"Beth," said Shad with a kindling eye. And then carelessly spat, to conceal his emotions.

"What on earth can she be doing in here?" asked Peter.

"Only half a mile from the road. It's the short cut from Gaskill's."

"I see," from Peter.

"Do you reckon you can find your way back alone, Nichols?" said Shad, spitting again.

Peter grinned. "I reckon I can try," he said.

Shad pointed with his long arm in the general direction of Heaven. "That way!" he muttered and went into the scrub oak with indecent haste.

Peter sat looking with undisguised interest at the spot where he had disappeared, tracing him for a while through the moving foliage, listening to the crackling of the underbrush, as the sounds receded.

It was time to be turning homeward, but the hour was still inviting, the breeze balmy, the sun not too warm, so Peter lay back among the grasses in the sand smoking a fresh cigarette. Far overhead buzzards were wheeling. They recalled those other birds of prey that he had often watched, ready to swoop down along the lines of the almost defenseless Russians. Here all was so quiet. The world was a very beautiful place if men would only leave it so. The voice of the girl was silent now. Shad had probably joined her. Somehow, Peter hadn't been able to think of any relationship, other than the cousinly one, between Shad Wells and Beth. He had only known the girl for half an hour but as Aunt Tillie Bergen had said, her niece seemed different from the other natives that Peter had met. Her teeth were sound and white, suggesting habits of personal cleanliness; her conversation, though careless, showed at the very least, a grammar school training. And Shad—well, Shad was nothing but a "Piney."

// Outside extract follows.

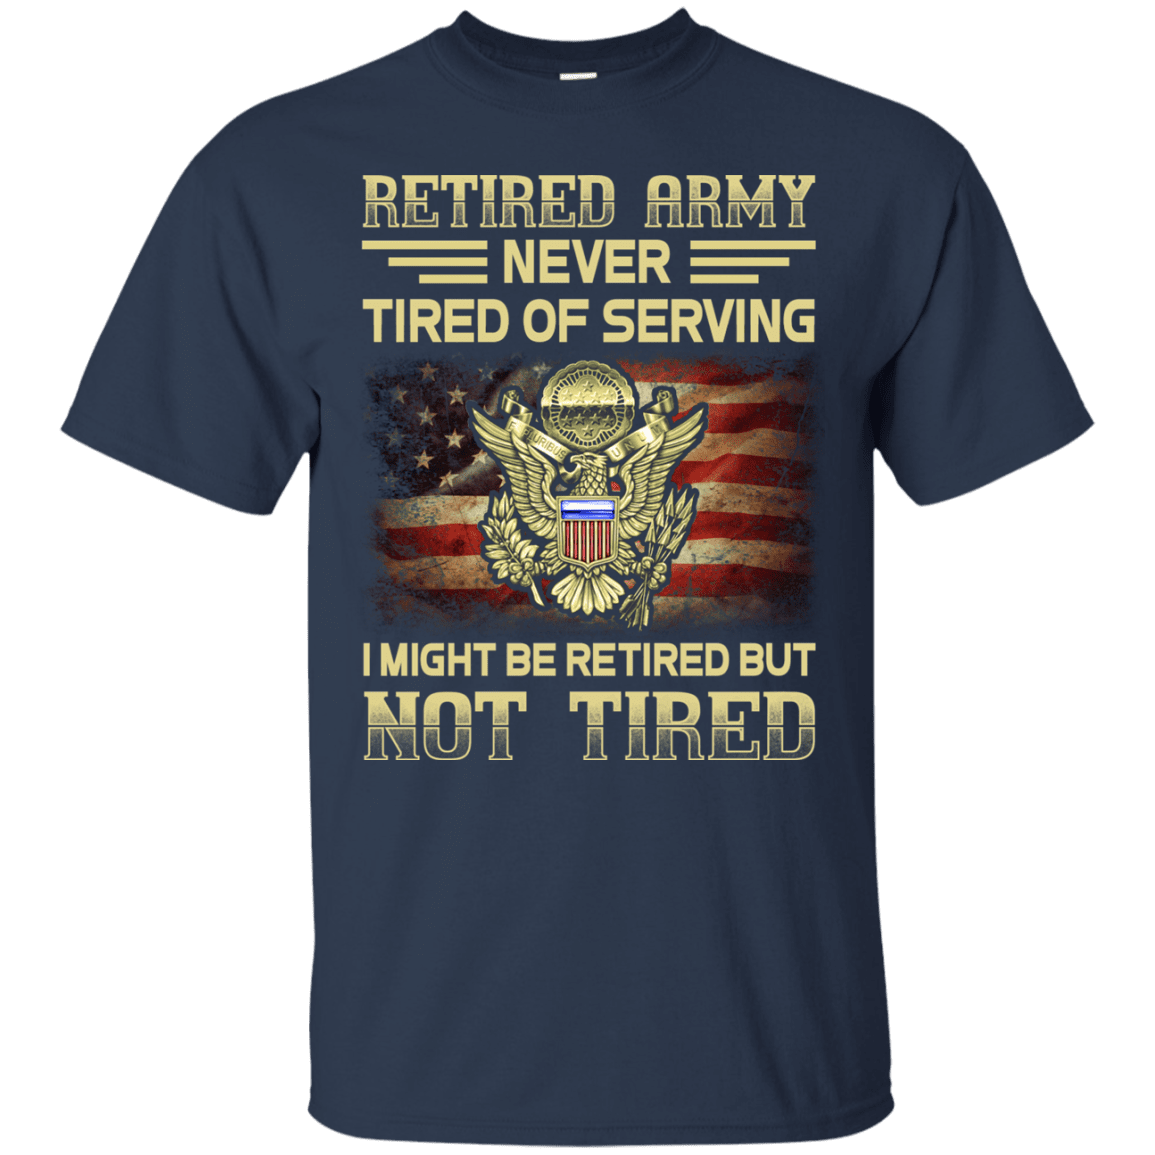 Retired Army Never Tired of Serving Front T Shirts-TShirt-Army-Veterans Nation

Pity—with a voice like that—she ought to have had opportunities—this scornful little Beth. Peter closed his eyes and dozed. He expected to have no difficulty in finding his way home, for he had a pocket compass and the road could not be far distant. He liked this place. He would build a tower here, a hundred-foot tower, of timbers, and here a man should be stationed all day—to watch for wisps of smoke during the hunting season. Smoke ... Tower ... In a moment he snored gently.